Interestingly, some suggest that the New York Times may simply be pushing the envelope in an effort to gain leverage. Other media outlets have already secured data licensing agreements lately. For example, the Associated Press as well as Politico and Business Insider have reached terms with OpenAI. By filing a lawsuit claiming generative AI and copyright law violations, the Times could be better positioning themselves. If judicial rulings move toward media’s favor, then the price tag for data licensing from the Times will increase. Thus, generative AI legal issues could be serving as a bargaining chip rather than a desire to clarify copyright law.

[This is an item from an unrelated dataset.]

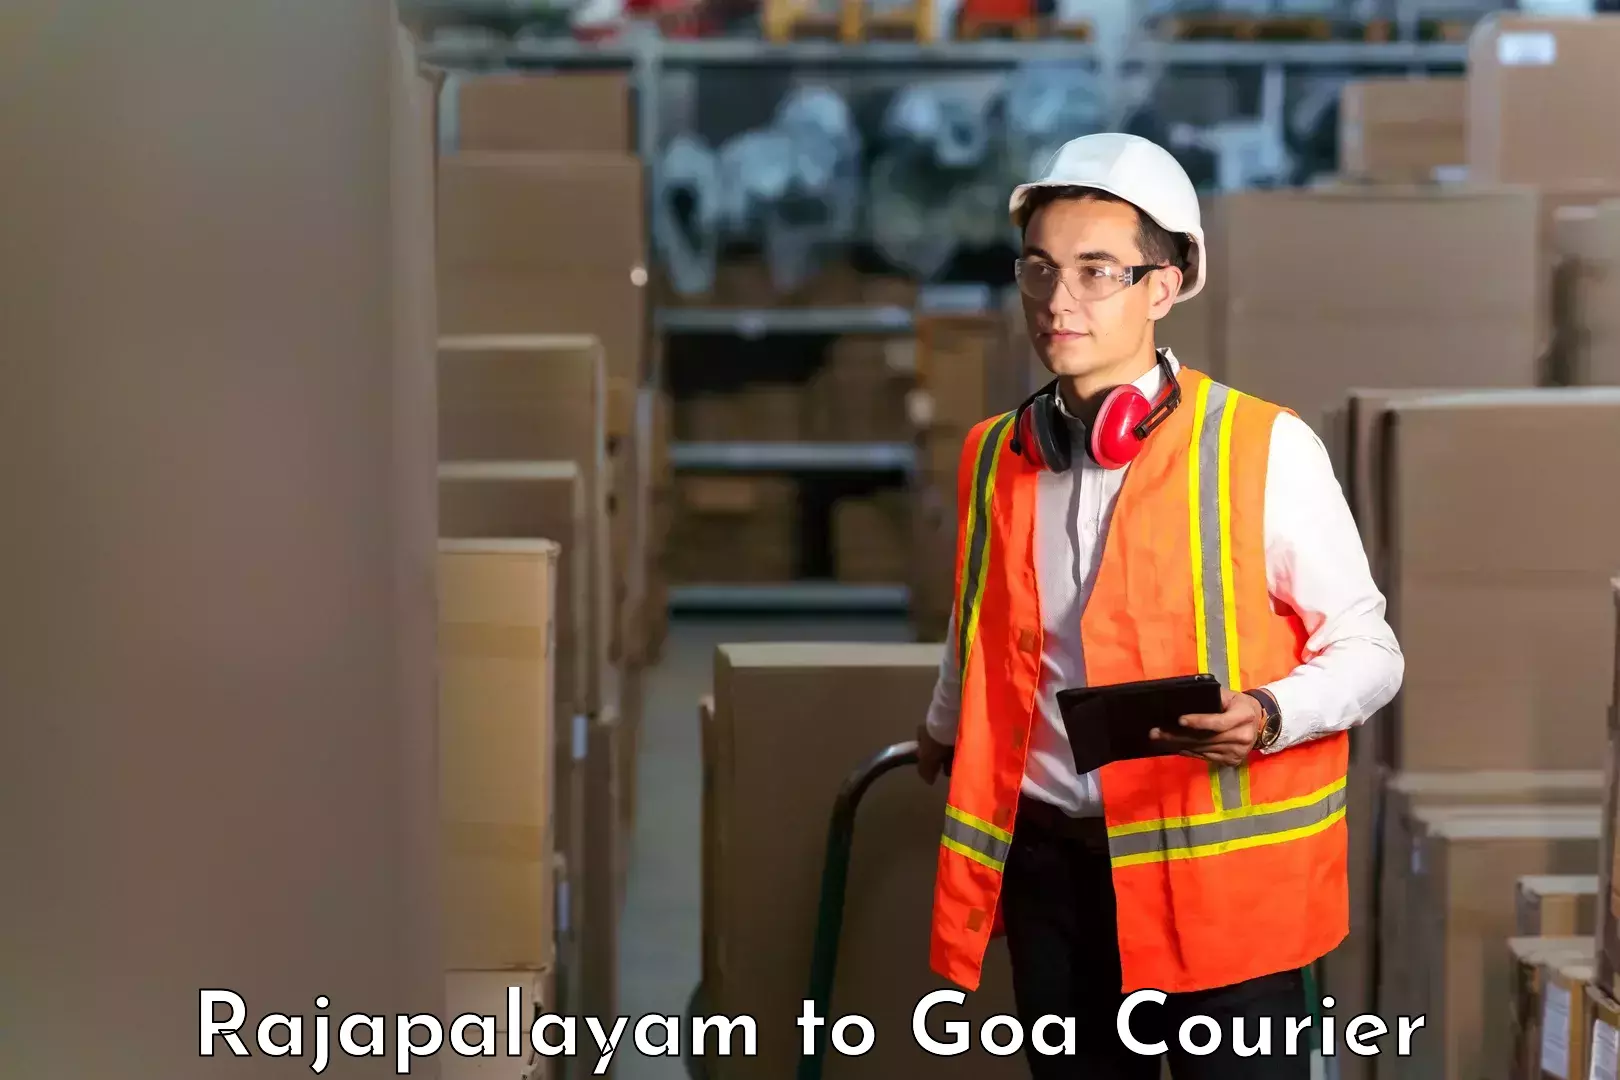 Courier app Rajapalayam to Panjim

“Ultimately, whether or not this lawsuit ends up shaping copyright law will be determined by whether the suit is really about the future of fair use and copyright, or whether it’s a salvo in a negotiation.” – Jane Ginsburg, Professor, Columbia Law School
Looking Ahead at Generative AI Legal Issues
In determining when generative AI legal issues might be resolved is difficult. In fact, some suggest it could be more than a decade before a formal high-level ruling occurs. By the time generative AI and copyright protections are debated in lower courts, several years may pass. And to reach the U.S. Supreme Court would notably take longer. Given how rapidly generative AI developments are occurring, such a ruling may be of little use. Nonetheless, these are important issues because data is critical to AI training. And if massive data access is limited, then this could have a big impact on how the generative AI landscape unfolds.
(Monetizing AI is the toughest question to answer–read why in this Bold story.)

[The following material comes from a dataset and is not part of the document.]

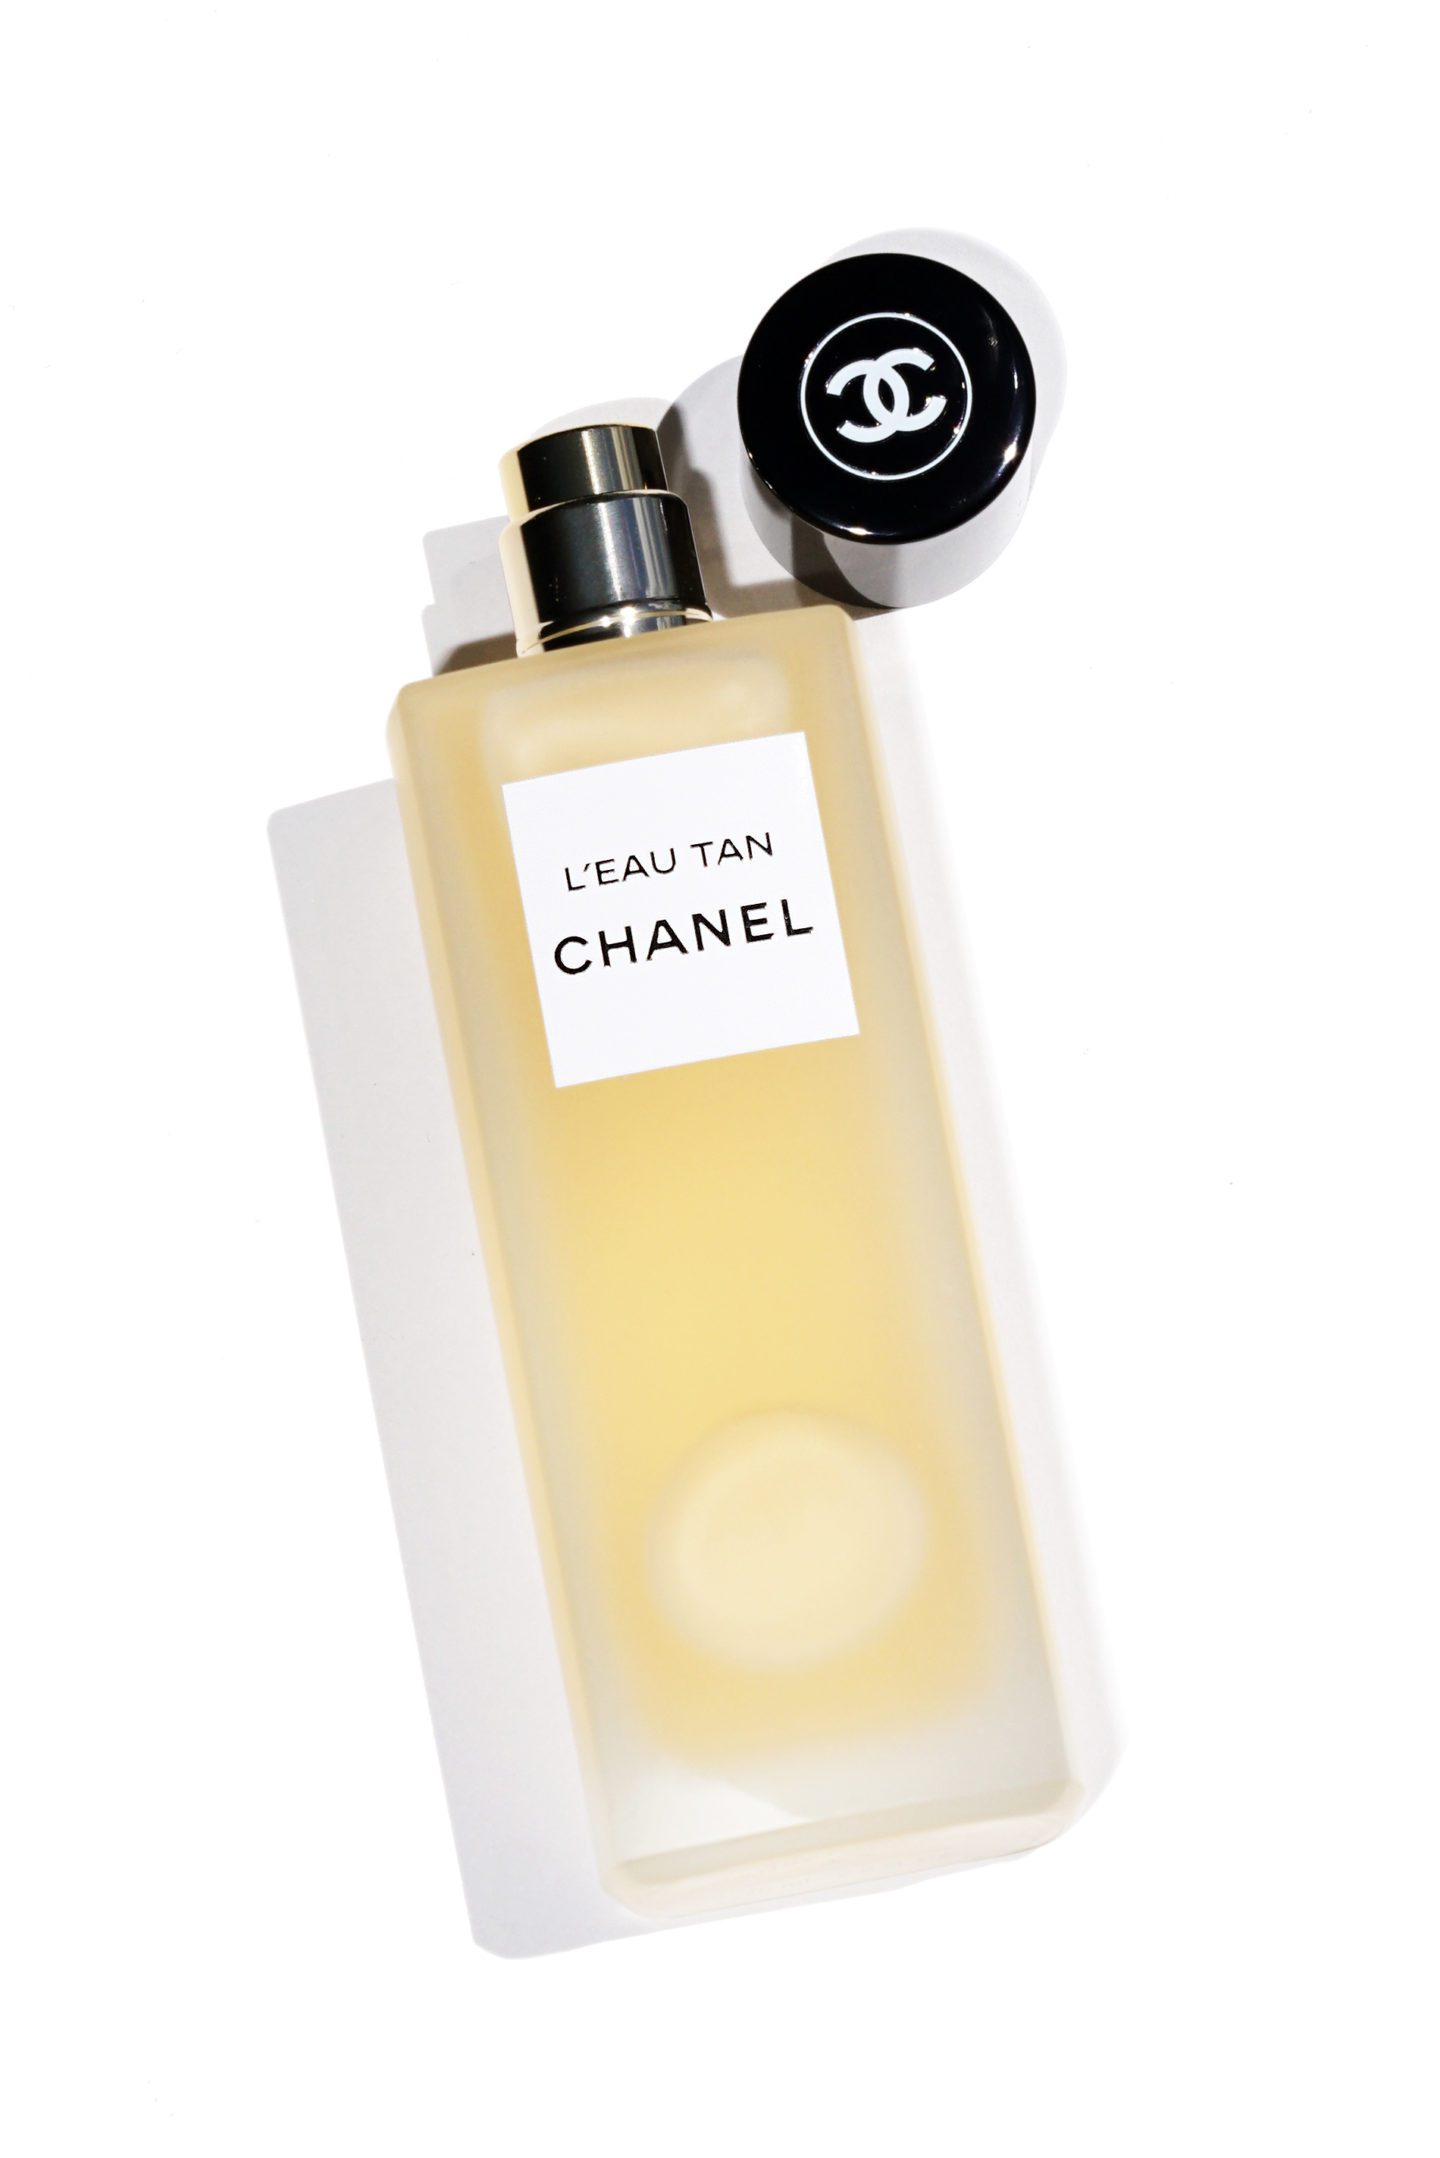 Chanel L'Eau Tan Chanel Spray

Understanding this, legal rulings that suggest generative AI and copyright violations exist could hinder competition. Limited access could give those with existing large data pools a major advantage in developing AI tools. Meta and Google, for example, would certainly benefit in this regard. At the same time, those with existing rights to use large data pools would also enjoy an advantage. Adobe and Bloomberg represent examples of companies in this category. However, in all likelihood, licensing rights agreements will be pursued should push come to shove. Current generative AI legal issues are concerning and are driving an increasing number of lawsuits. But ultimately, OpenAI and others aren’t going to stop just because a court ruling poses data barriers. Workarounds are always available, and the billions if not trillions of dollars at stake are enough to encourage creative solutions.